-------- AVAILABLE DATA
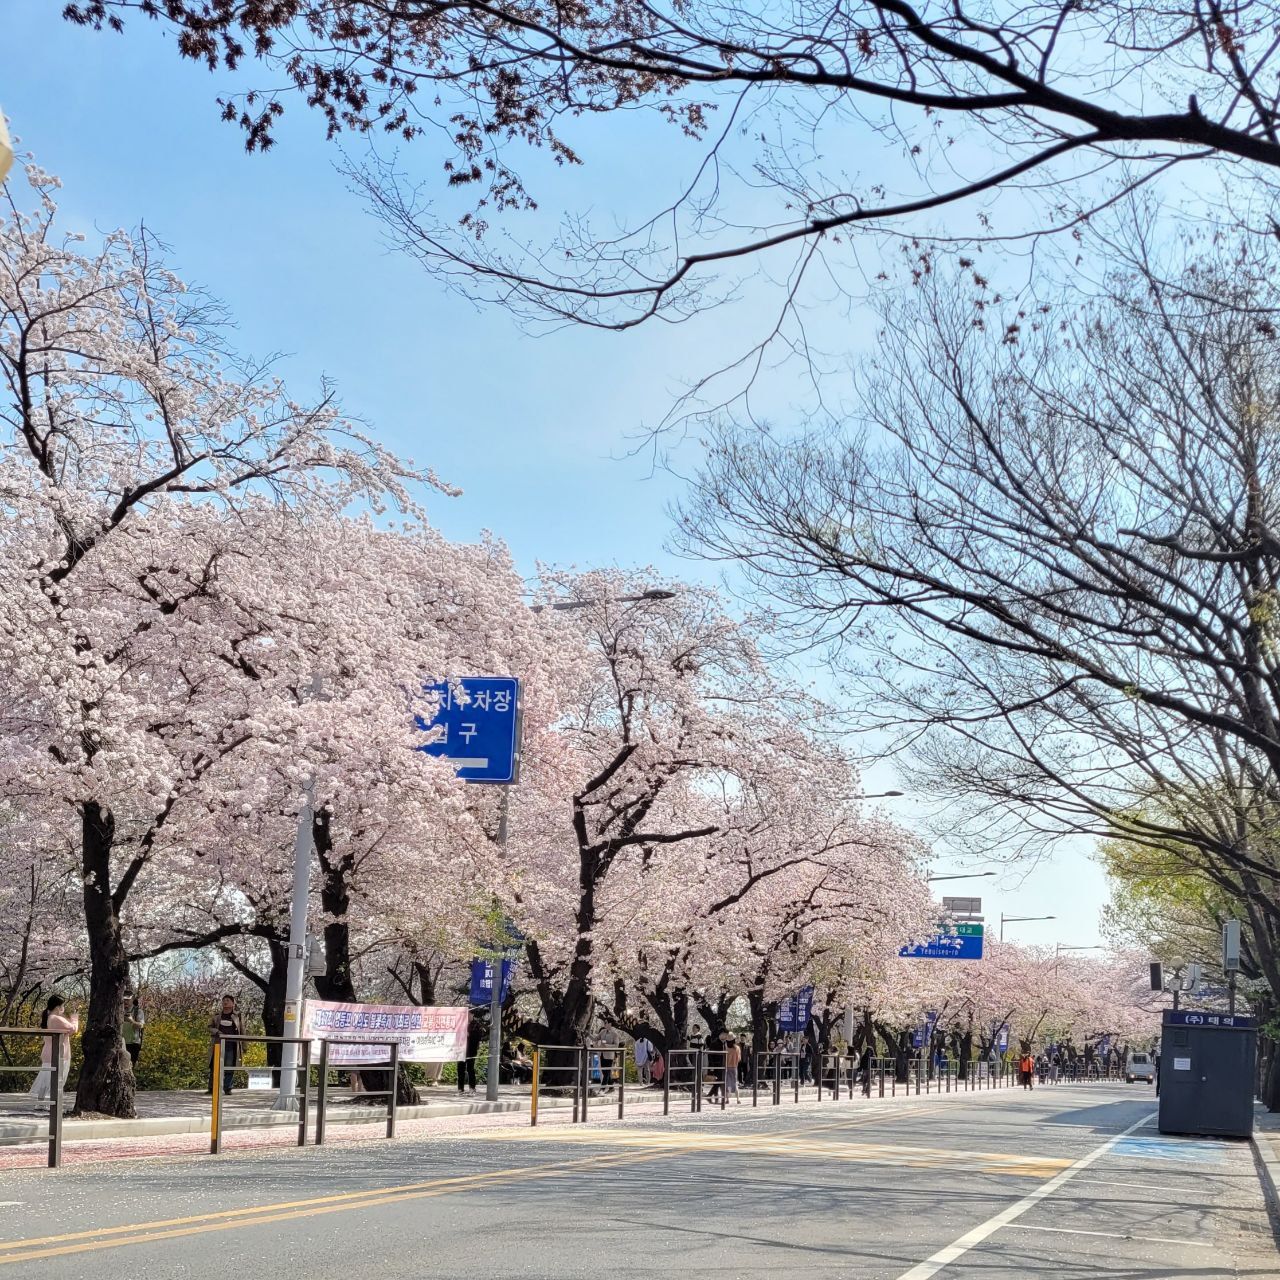 Yeouido Hangang Cherry Blossom
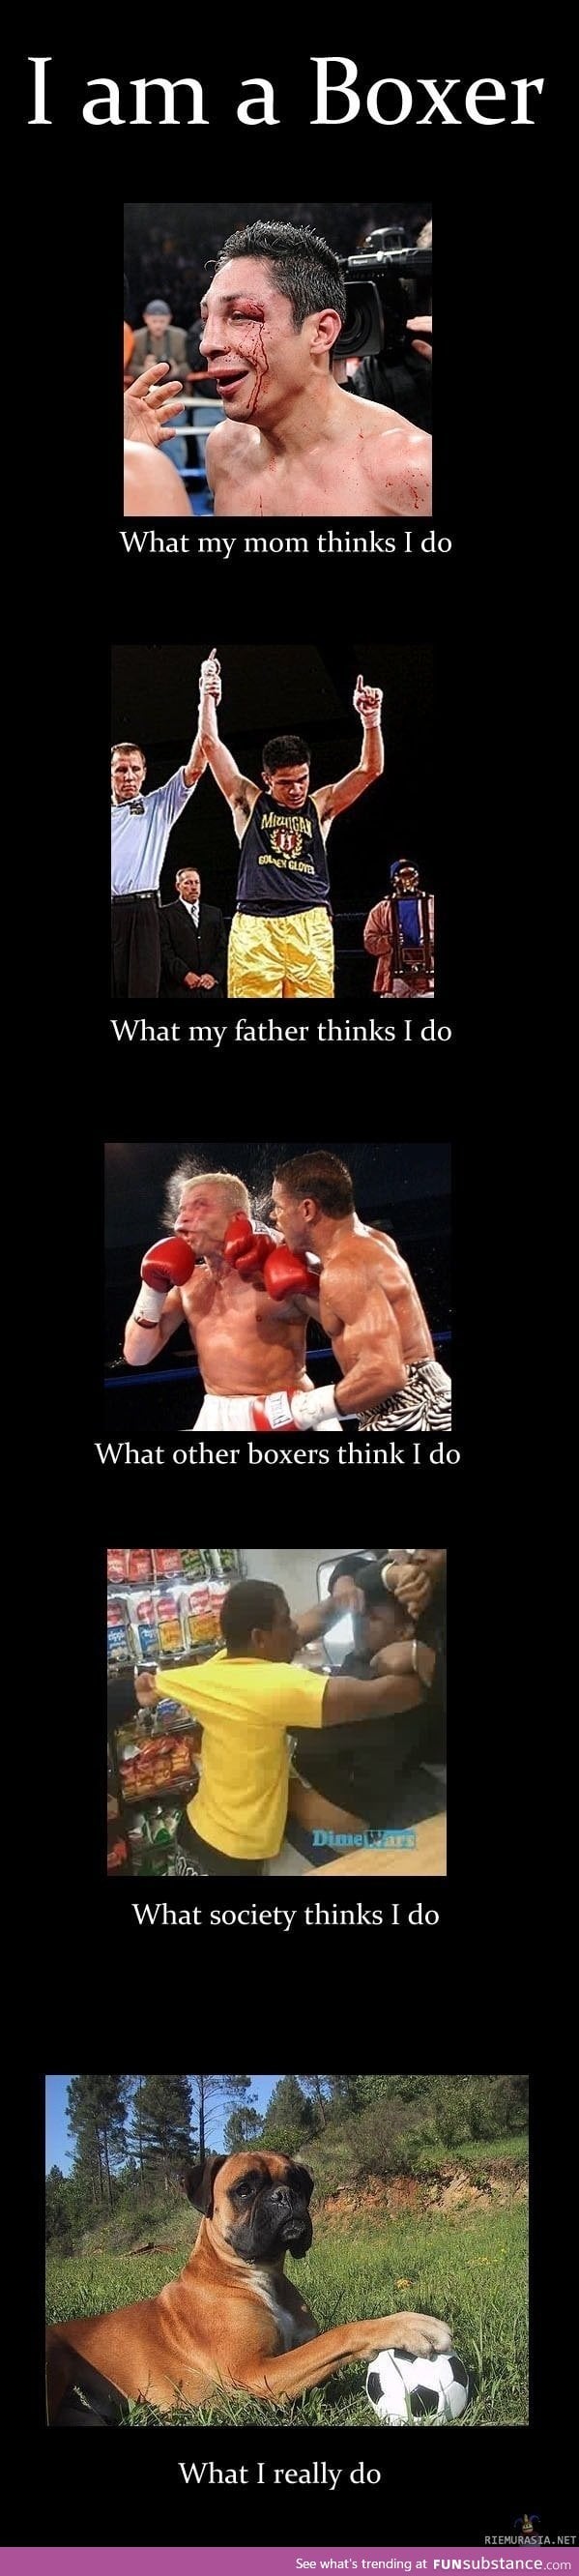 Boxers are misunderstood
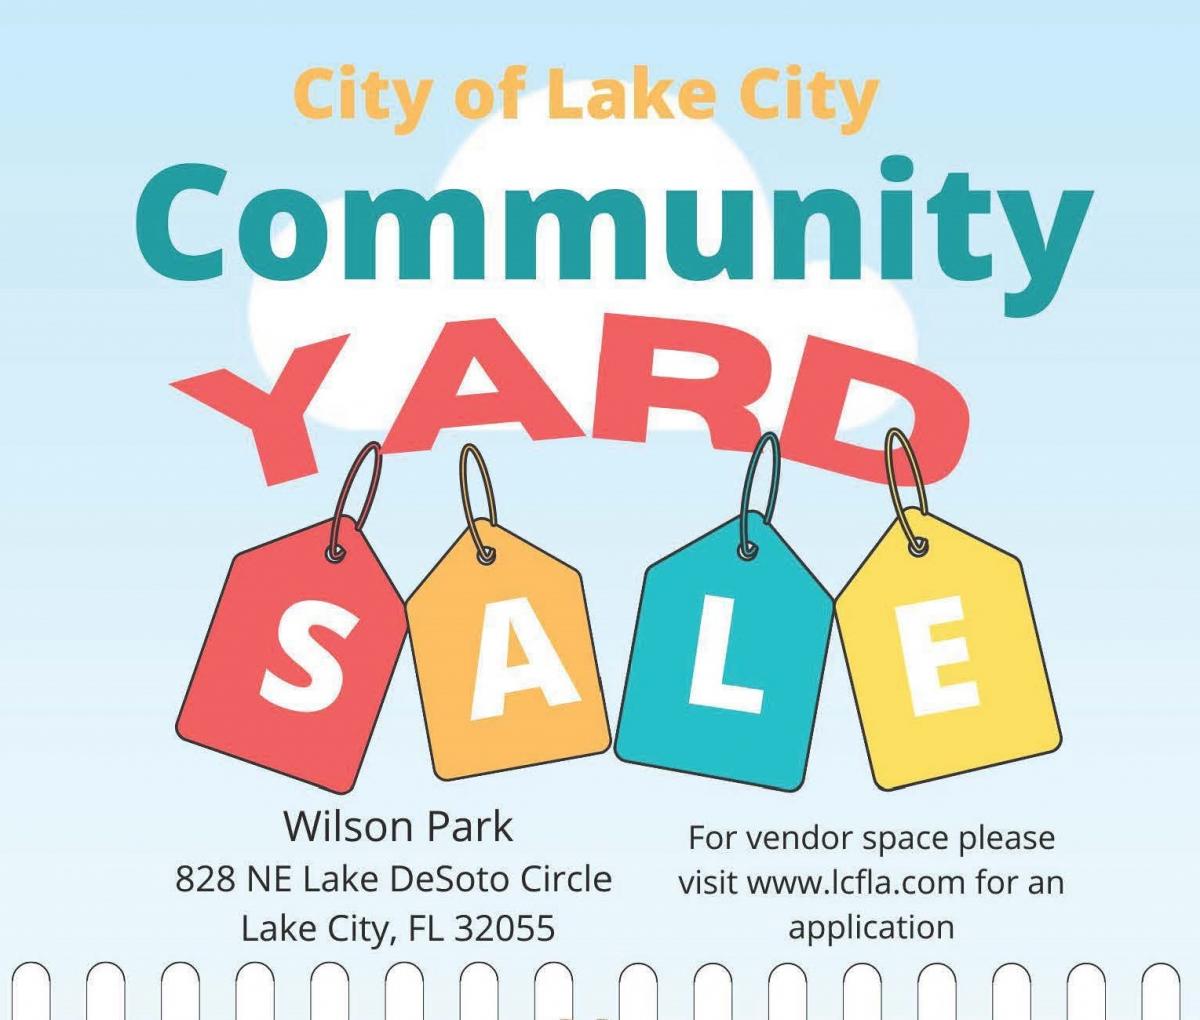 Community Yard Sale Flyer
----------------
◆ TASK STATEMENT:
Print the full listing again exactly, and drop every image from it.

◆ WORKED SOLUTION:
 Yeouido Hangang Cherry Blossom
 Boxers are misunderstood
 Community Yard Sale Flyer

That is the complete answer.